Pendant presque un an, il a partagé une pièce avec sa soeur aînée, ses parents et sa grand-mère en Italie. Dans la chambre, il y avait un seul lit – où se reposait sa grand-mère tandis que le reste de la famille passait la nuit sur le sol. Aujourd’hui ingénieur logiciel et Américain, Drob se souvient de cette année comme d’un moment heureux : Au lieu d’aller à l’école, il lavait des voitures aux coins des rues pour aider ses parents à acheter de quoi manger.
Les expériences vécues par sa famille et par d’autres Juifs soviétiques qui ont immigré aux Etats-Unis via l’Autriche et l’Italie dans les années 1980 sont au coeur du nouveau documentaire qui a été réalisé par Drob, intitulé ‘Stateless’ (Apatride), et qui est sorti en DVD fin février.

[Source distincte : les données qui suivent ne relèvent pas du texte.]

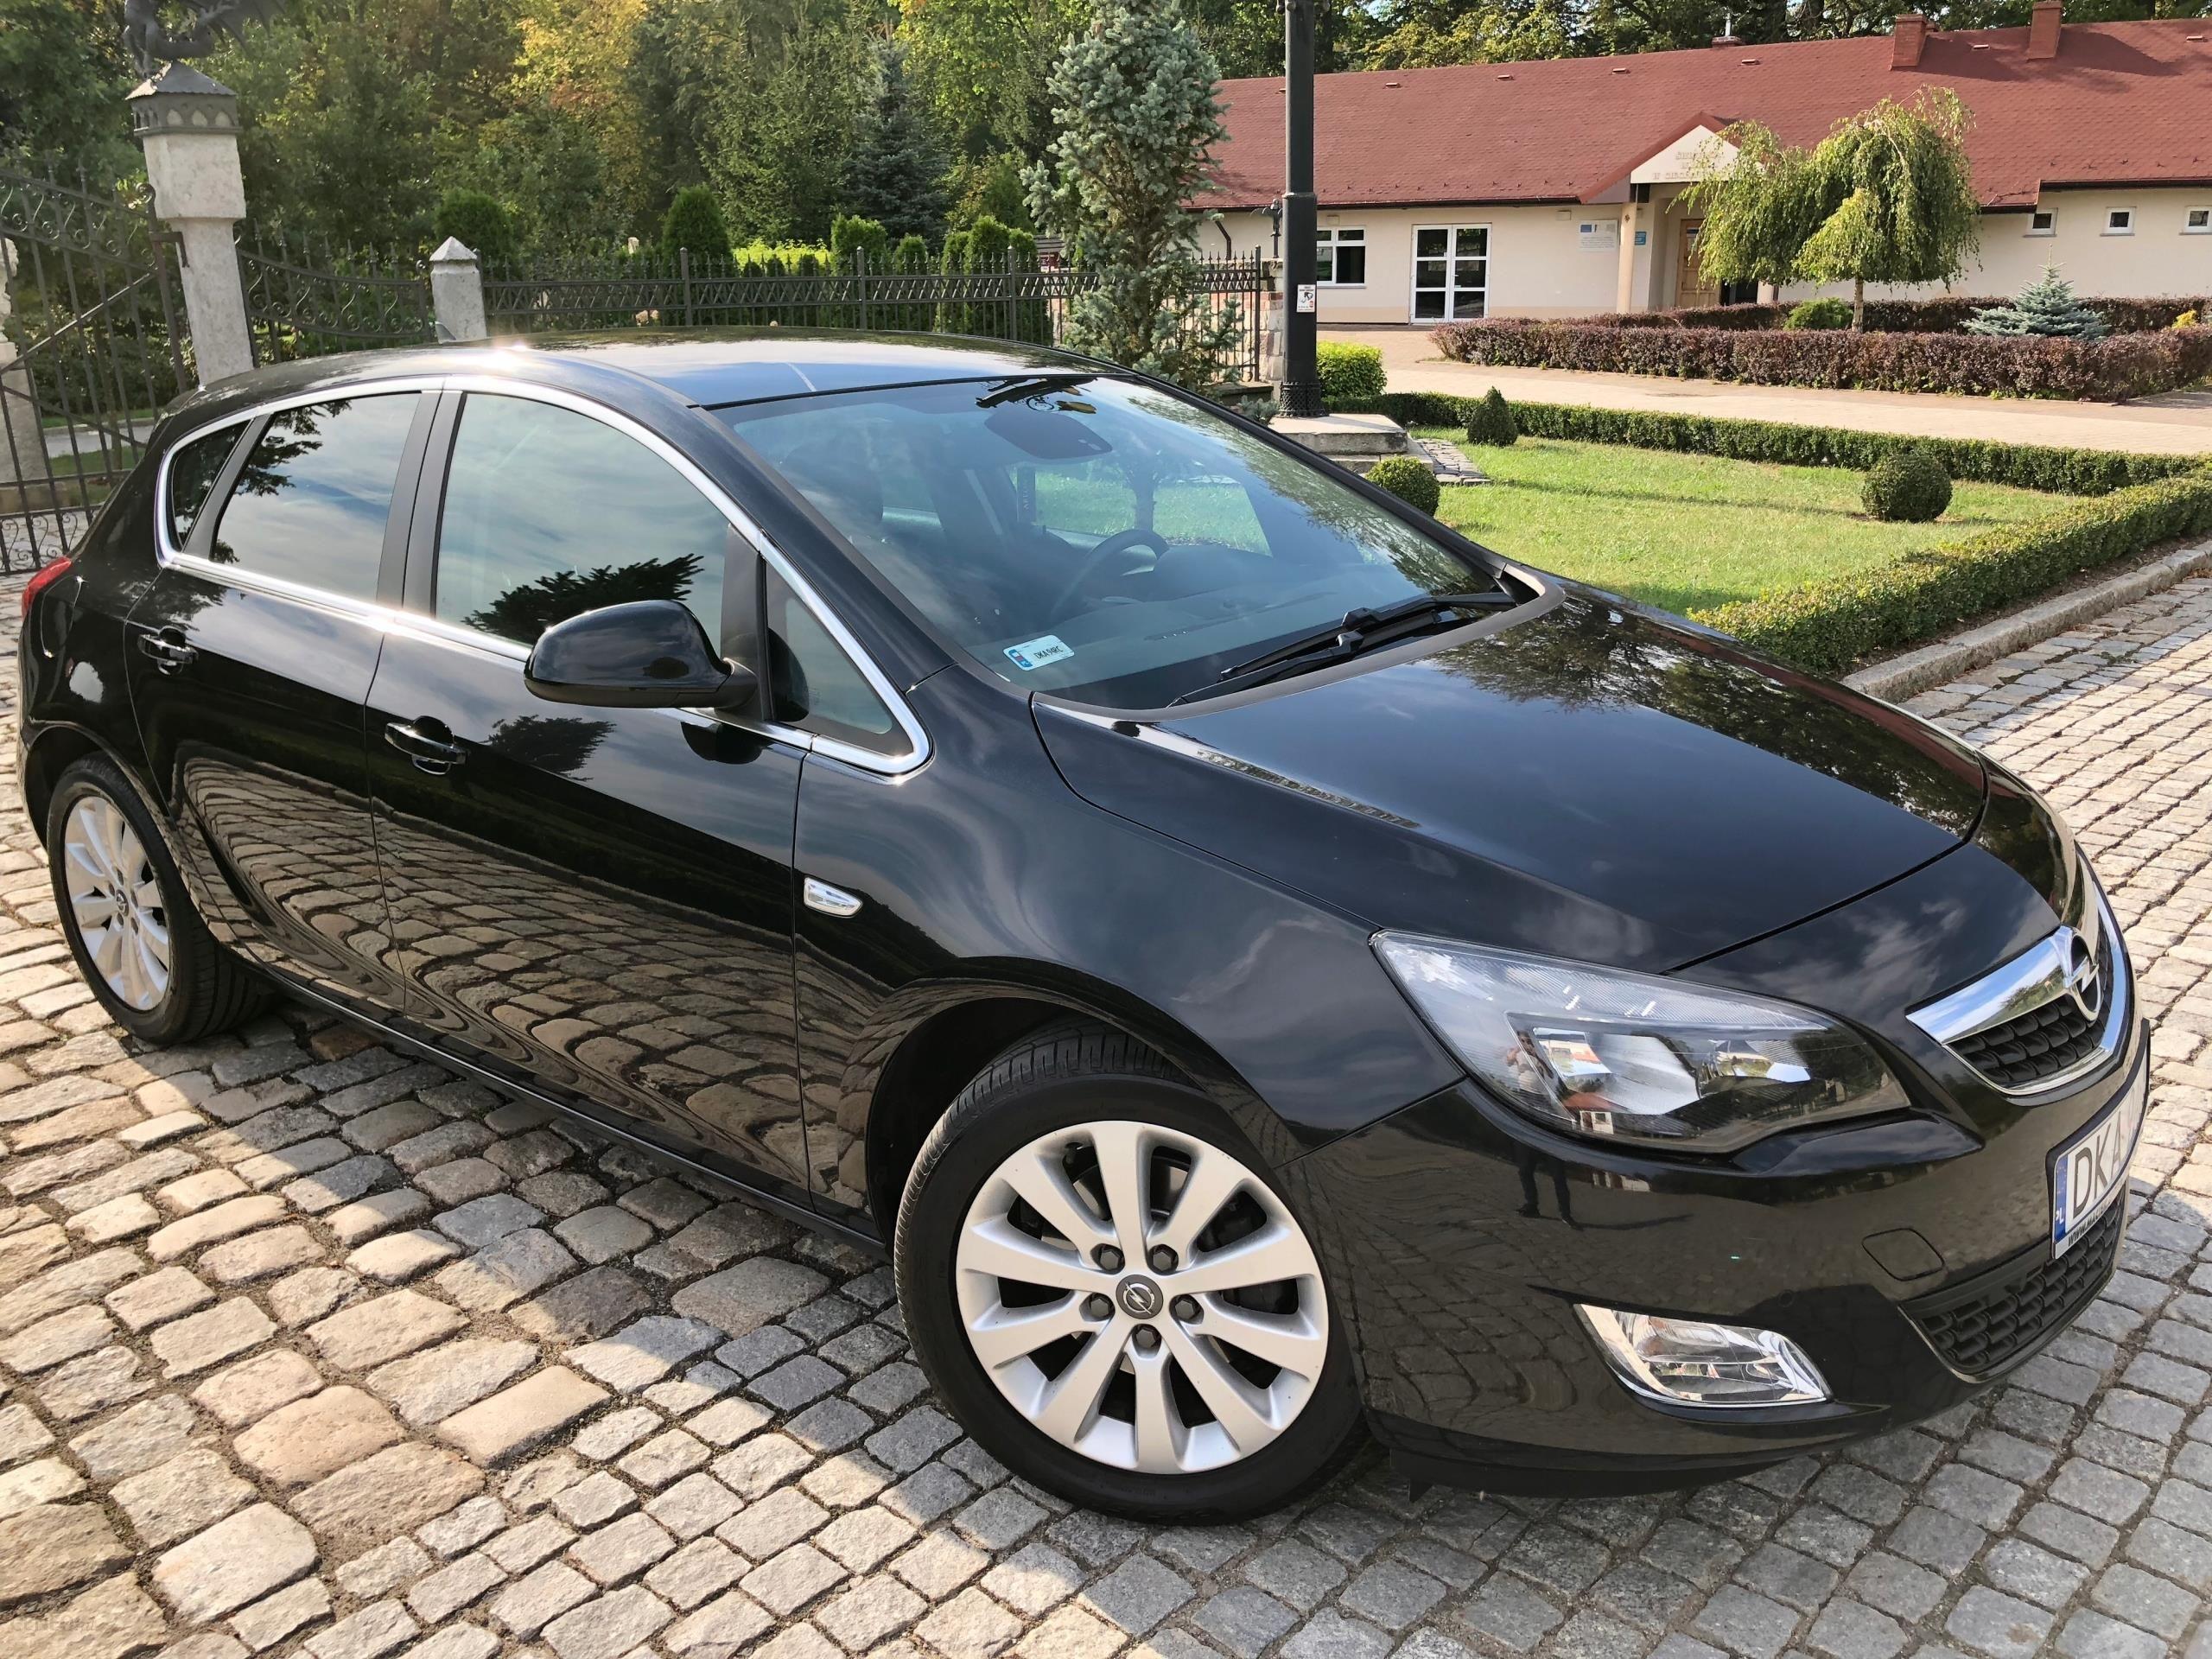 Bardzo dobra Opel Astra IV J 1.7 CDTI Cosmo - Opinie i ceny na Ceneo.pl XF97
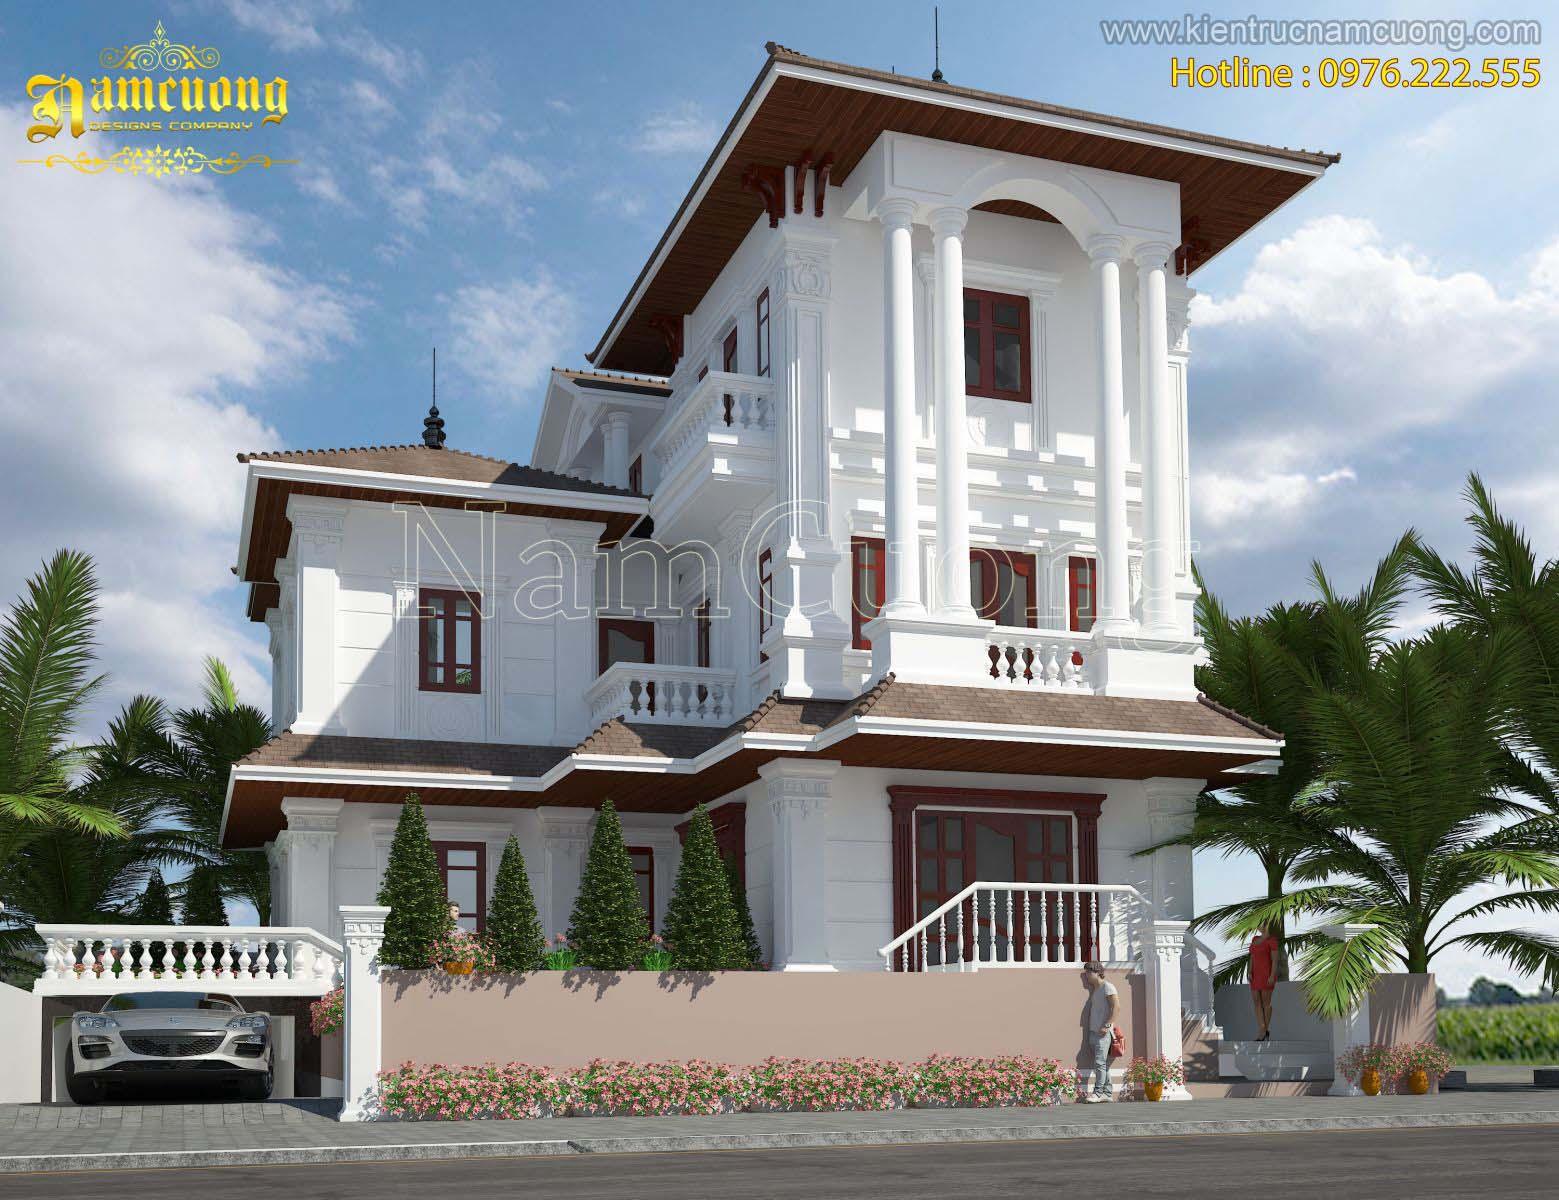 Mẫu thiết kế biệt thự tân cổ điển đẹp của CĐT anh Qúy tại Quảng Bình - BTTCD 002

« Cette vague d’immigration spécifique n’a jamais été mentionnée dans un film, c’est un sujet qui n’a jamais été couvert », commente ce père de trois enfants âgé de 39 ans, co-auteur de ce film aux côtés de son épouse Victoria. « Un jour, j’ai décidé de découvrir pourquoi les Etats-Unis avaient refusé le statut de réfugié à ma famille alors qu’on immigrait. Cette démarche ne m’a pas apporté de réponses, mais elle m’a conduite à des histoires sur l’immigration ».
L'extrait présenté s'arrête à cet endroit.